2

I'm working on a project that aims to simplify writing assemblies dynamically, and one thing I've been trying to work out is how to sign the assembly with a strong name, without relying on a secondary program to construct the strong name (such as sn.exe). The documentation mentions that it uses SHA1 as a hash algorithm, but as to how you set the strong name properly, I haven't been able to deduce yet.
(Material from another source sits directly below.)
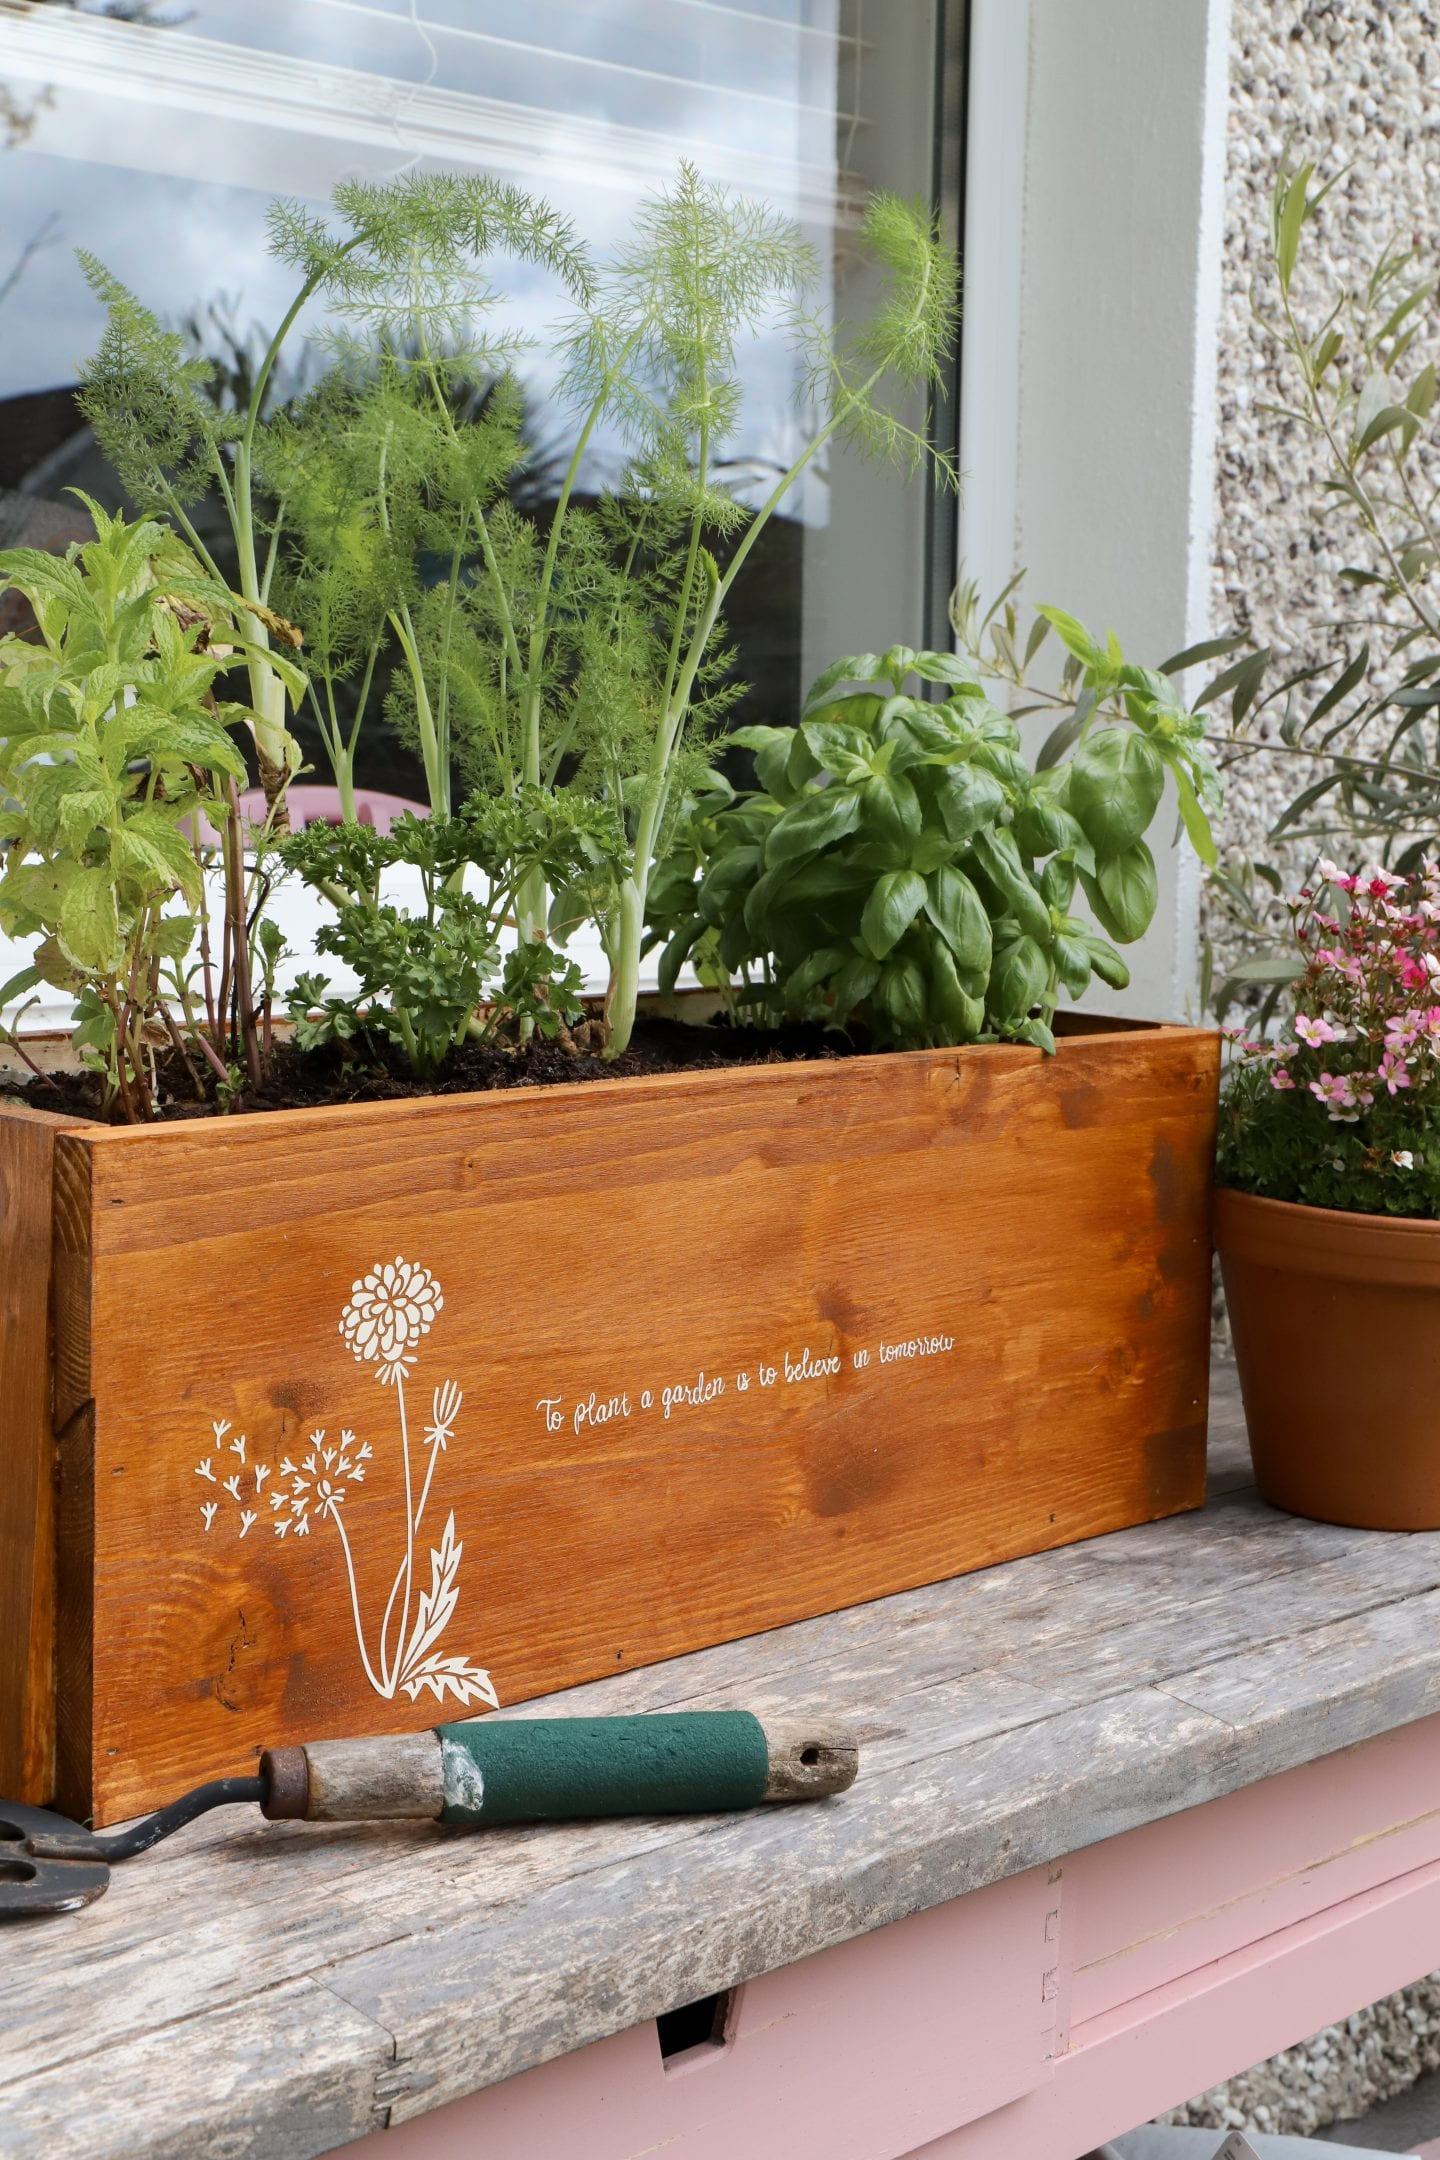 Personalised planter box

I've tried creating a strong name with a SHA1 result from a random byte-array, but in setting the PublicKey and PublicKeyToken to what it implies (the public key is the hash of the byte array I created, or the byte-array I created) and setting the public key token to the last eight bytes of the SHA hash, I get errors when calling the AssemblyBuilder.Save() method.
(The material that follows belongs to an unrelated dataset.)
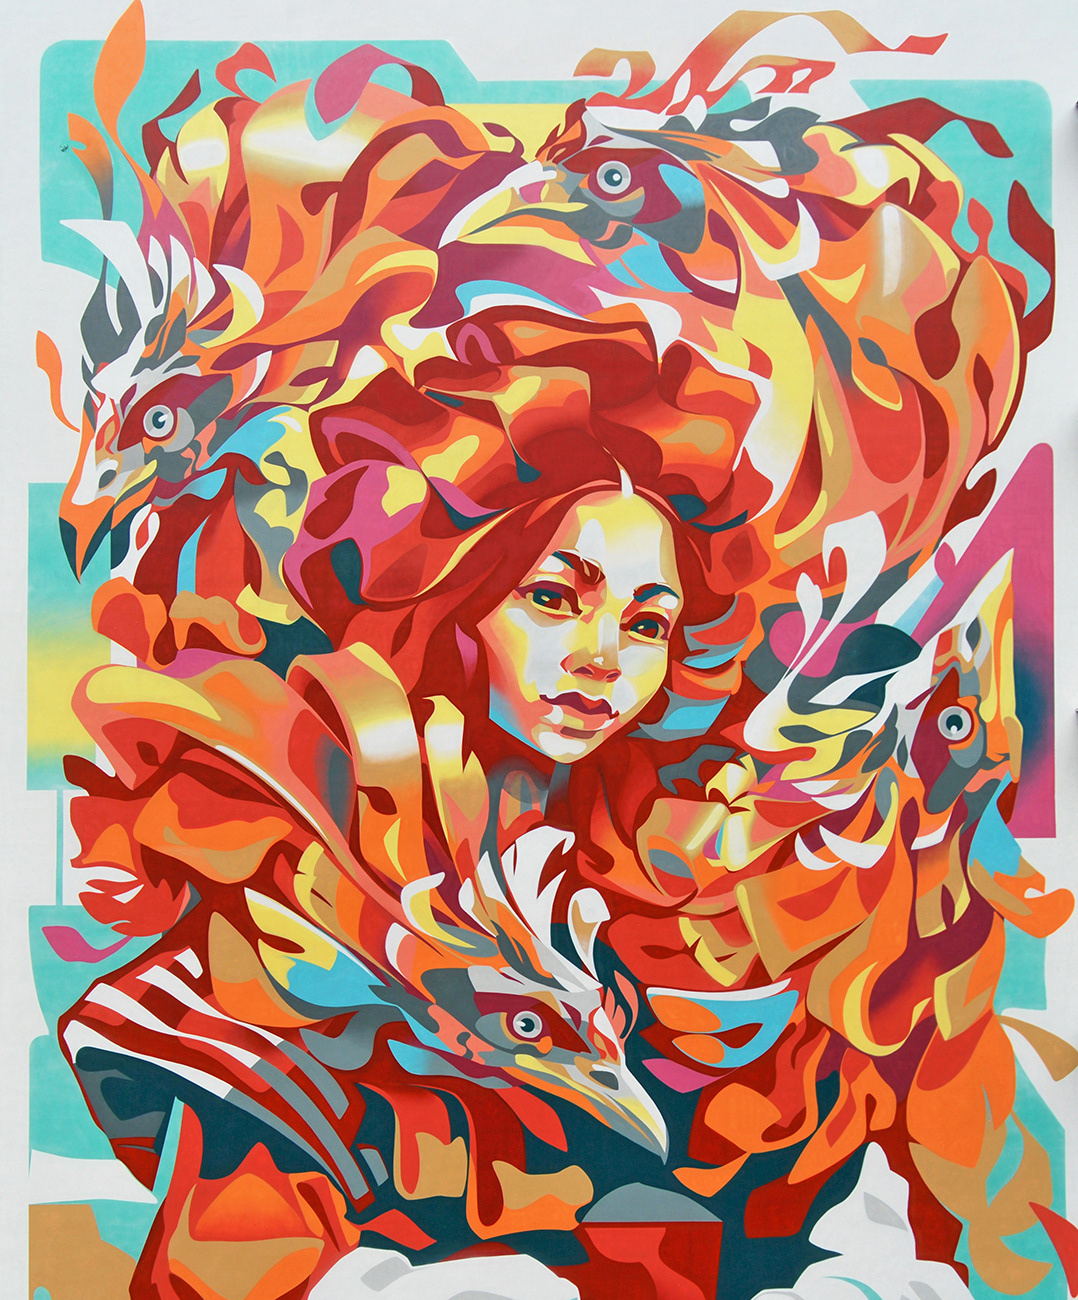 Art Direction, Illustration, Street Art

Every time I get an exception saying the public key is invalid. Is there something I've missed in this?

Thanks in advance.

  • How are you creating the private key for signing? – Jason Malinowski Jan 13 '12 at 21:09
  • http://lhq.rpgsource.net/text/CreatingThePublicKey.html <-- That, using the Item1 or Item2 as the PublicKey via AssemblyName.SetPublicKey(byte[]), and setting the PublicKeyToken via AssemblyName.SetPublicKeyToken(byte[]) using Item3 of the tuple. – Allen Clark Copeland Jr Jan 13 '12 at 21:28

3 Answers3

3

You could try using the ICLRStrongName interface. There's no managed API to do the same thing, so you'll have to use P/Invoke to call them from your managed assembly. I imagine it'd be a whole lot easier just to call the Strong Name Tool from your program with custom switches rather than re-implementing it, but the unmanaged API would be one way to go if you definitely don't want to use the sn.exe.

keyboardP
  • 68,824
  • 13
  • 156
  • 205
  • Could you explain how I would go about obtaining this interface? From my research previously into the managed reflection API, I'm not sure where you'd get the MsCorEE.dll, other than building it yourself. I'm a hobbyist born from a managed world, so C++'s structure is quite irksome, in my view, to work with. – Allen Clark Copeland Jr Jan 13 '12 at 21:24
  • **Addendum** Nevermind, the Mscoree.dll interfaces are included via mscoree.tlb in the Windows Kit, 8.0, in the 'Windows Kits\8.0\Lib\win8\um\x86 directory'. I'll check to see how I'll use this interface, and report the results. – Allen Clark Copeland Jr Jan 13 '12 at 21:32
  • I'm not familiar with the API myself, but this post (and the one it links to in the first line) might help even if it is quite old http://blogs.msdn.com/b/shawnfa/archive/2004/06/18/159711.aspx – keyboardP Jan 13 '12 at 21:36
  • Thanks, I'm going through and building a managed wrapper around the ICLRStrongName interface right now, I'll post back with the results once I've got more to tell. – Allen Clark Copeland Jr Jan 13 '12 at 21:52
1

Public strong name keys aren't random bytes. They're an RSA key, meaning that those bytes must be of a certain form (a modulus that is a semi-prime and an exponent). To generate a key, I'd follow keyboardP's advice and use the ICLRStrongName interface to generate public keys properly.

Jason Malinowski
  • 18,148
  • 1
  • 38
  • 55
1

Strong names use RSA public/private key pairs.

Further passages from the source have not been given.